There are a number of steps to take when deciding on a suitable journal outlet for your work, just as there are a number of checks to make when assessing whether a journal is predatory. Our top tips for figuring out which journals are predatory are:
- Have you researched journal APCs? You should be publishing your work in journals that actually do perform peer review. The average APC industry-wide is $1,500. Have you been approached by a journal with a much higher or much lower APC than this figure? If so, it may be worth double-checking they are not predatory.
- Does the journal contain reputable content? Journals should be regularly publishing papers in your field and, even better, papers published in the journal should be cited in other publications.
- Is the journal website reputable? There are a few ways you can check this. The easiest is to look at the editorial board: do you recognise any names? If you are unsure, it could be worth sending a few emails since some predatory journals have been known to add the names and emails of well-known scientists to their boards without asking first.
- Have you ever heard of any members of this journal’s editorial board? Or, perhaps more tellingly, does it even have an editorial board? Any reputable journal must have an editorial board to handle submissions and make decisions about papers, as well as to steer the thematic direction and scope of the outlet. Do check the editorial board of the journal you are looking at and maybe send a few quick emails to some members. It’s always a very good idea to make so-called presubmission enquiries about your papers before submitting them as this saves everyone time and energy (you and the journal).
- Is the journal regularly publishing content?
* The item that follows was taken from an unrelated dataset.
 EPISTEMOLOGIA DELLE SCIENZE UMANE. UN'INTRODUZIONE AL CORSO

Take a look at how many issues it produces. Moreover, generally speaking you’d want to avoid journals that are not listed in international databases such as ISI, Web of Science, PubMed or Scopus. These are good places to start when assessing the reliability of a journal.
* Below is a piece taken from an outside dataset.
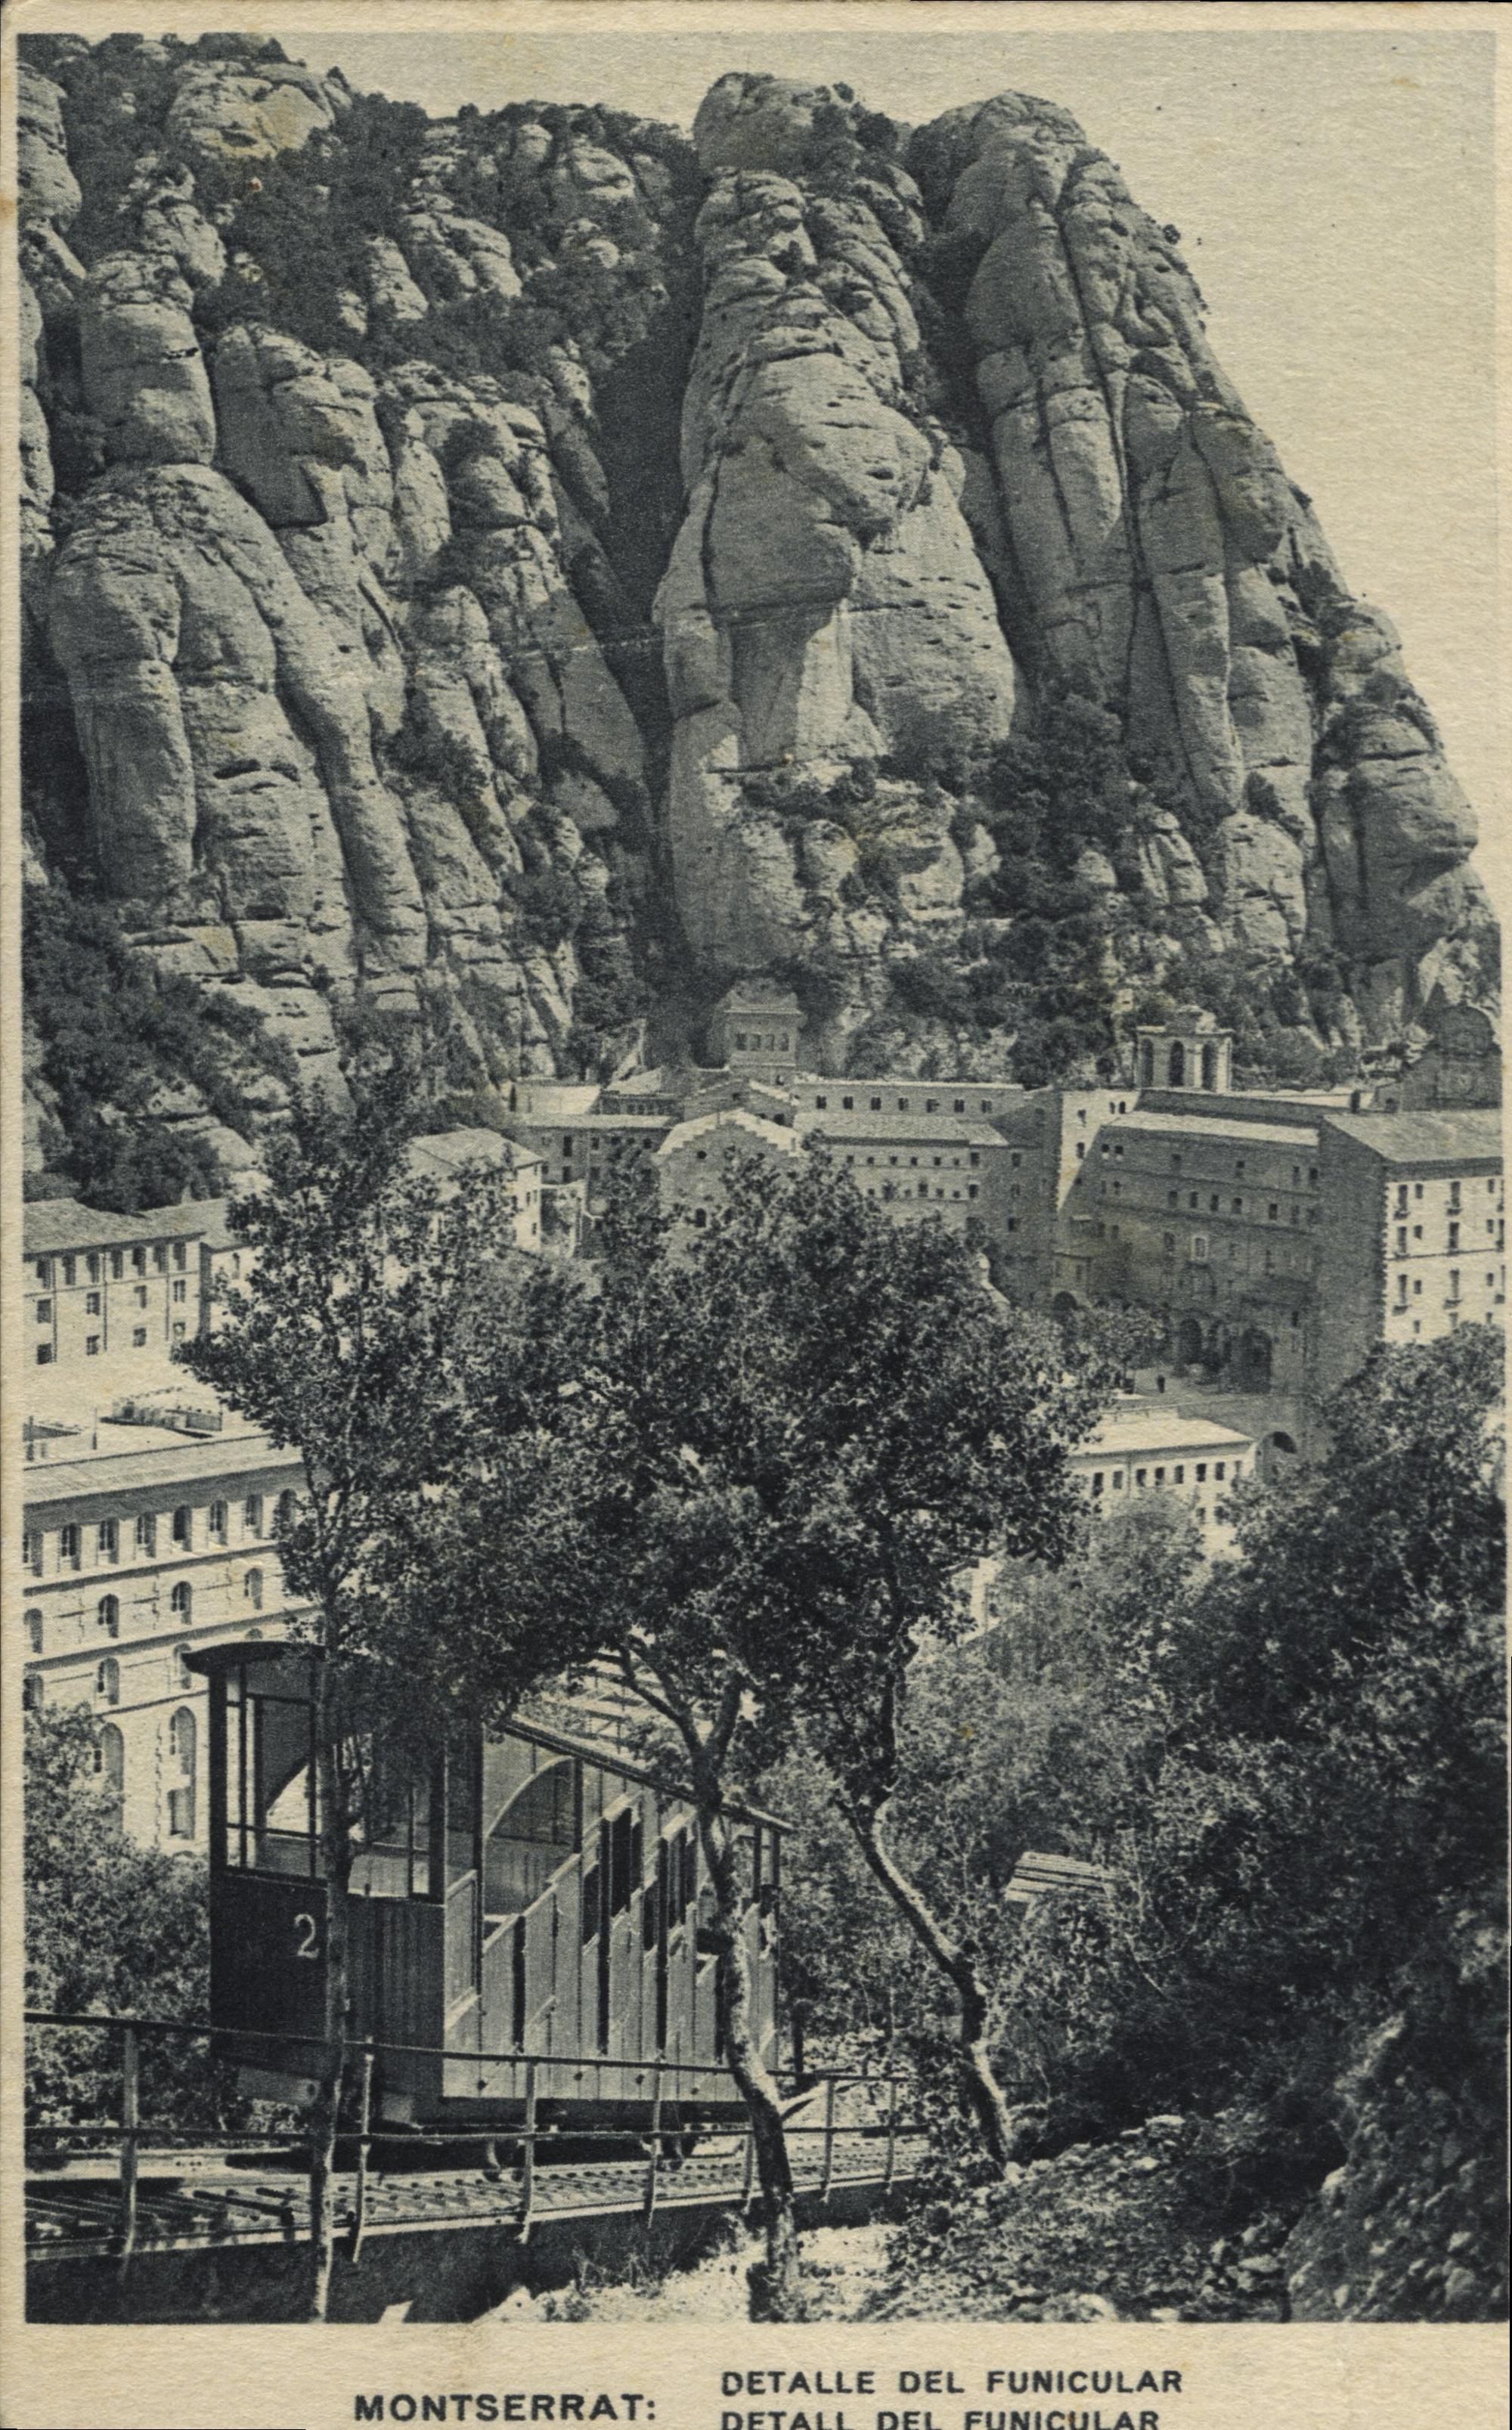 Montserrat album de postals 20101125132624774 girada girada

- Does this journal have an impact factor? It’s always better to try to get your work published in journals with impact factors, if possible. At Charlesworth, we recommend making a list of journals in your field that you’d like to see your work published in, and then ranking this list from top to bottom by impact factor.
- And our top tip for avoiding predators: Have you used Think, Check, Submit? Think, Check, Submit ‘helps researchers identify trusted journals for their research’ using ‘a range of tools and practical resources’. It is an international, cross-sector initiative that ‘aims to educate researchers, promote integrity, and build trust in credible research and publications.’
There are so many journals out there all competing for your business as an academic researcher, you owe it to yourself to put the time in and check that your candidate journal is reputable, above-board and real.